A farmers' work is long and hard. It certainly doesn't make a person rich. It has its good years, and its bad ones. There is no guarantee of a good crop. Weather, pests, and disease problems often prove disastrous. But, through it all, farmers have persevered. And, their ceaseless hard work sets an example for all.

As Americans, we tip our hat to all farmers for their contributions to American culture, values,society, and the economy. Happy Old Farmers Day!

Our research did not find the creator, or the origin of this day. The origin of this day seems to date back to the early to mid 1800's. There appears for be many dates in September and October for local town "Farmer Days". Many have been around for a long time.

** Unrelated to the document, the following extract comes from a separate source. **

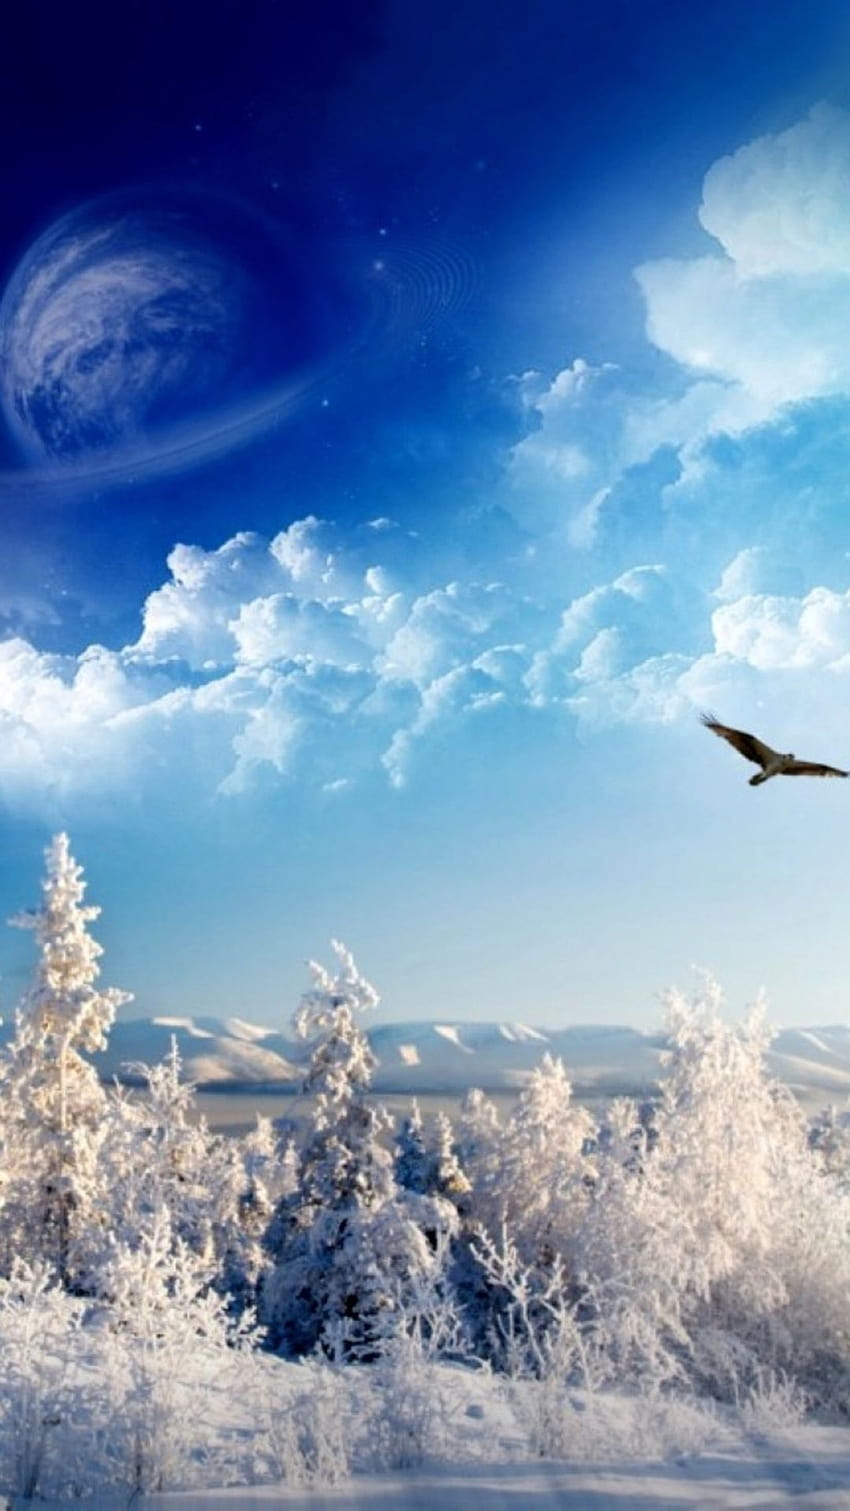 Winter Snowy Land: “Tận hưởng khung cảnh tuyệt đẹp của một mùa đông trắng xóa với bức ảnh Winter Snowy Land. Những tuyết rơi như những bông sương tuyệt đẹp, khiến cho mảnh đất này trở nên lãng mạn và mơ mộng. Xem ngay bức ảnh liên quan để cảm nhận tinh túy của mùa đông nhé!”

For some unknown reason, October 12th is by far the most common date for this celebration of farming and of the harvest they reap.

World Arthritis Day

World Arthritis Day was established in 1996 by Arthritis and Rheumatism International (ARI) and is celebrated each year on 12 October.

Now, people with rheumatic and musculoskeletal diseases (RMDs) from around the world can join together to make their voices heard on this day. World Arthritis Day is an ideal focus for organisations to raise awareness of issues affecting people with RMDs and for individuals to support campaigns. 

Although 12 October is the official World Arthritis Day, this is a year round campaign.

The aims of World Arthritis Day are:
  • To raise awareness of RMDs amongst the medical community, people with RMDs and the general public
  • To influence public policy by making decision-makers aware of the burden of RMDs and the steps which can be taken to ease it
  • To ensure all people with RMDs and their caregivers are aware of the vast support network available to them.
Arthritis is inflammation of one or more of your joints. The main symptoms of arthritis are joint pain and stiffness, which typically worsen with age. The most common types of arthritis are osteoarthritis and rheumatoid arthritis.

Osteoarthritis causes cartilage — the hard, slippery tissue that covers the ends of bones where they form a joint — to break down. Rheumatoid arthritis is an autoimmune disorder that first targets the lining of joints (synovium).

Uric acid crystals, infections or underlying disease, such as psoriasis or lupus, can cause other types of arthritis.

Treatments vary depending on the type of arthritis. The main goals of arthritis treatments are to reduce symptoms and improve quality of life.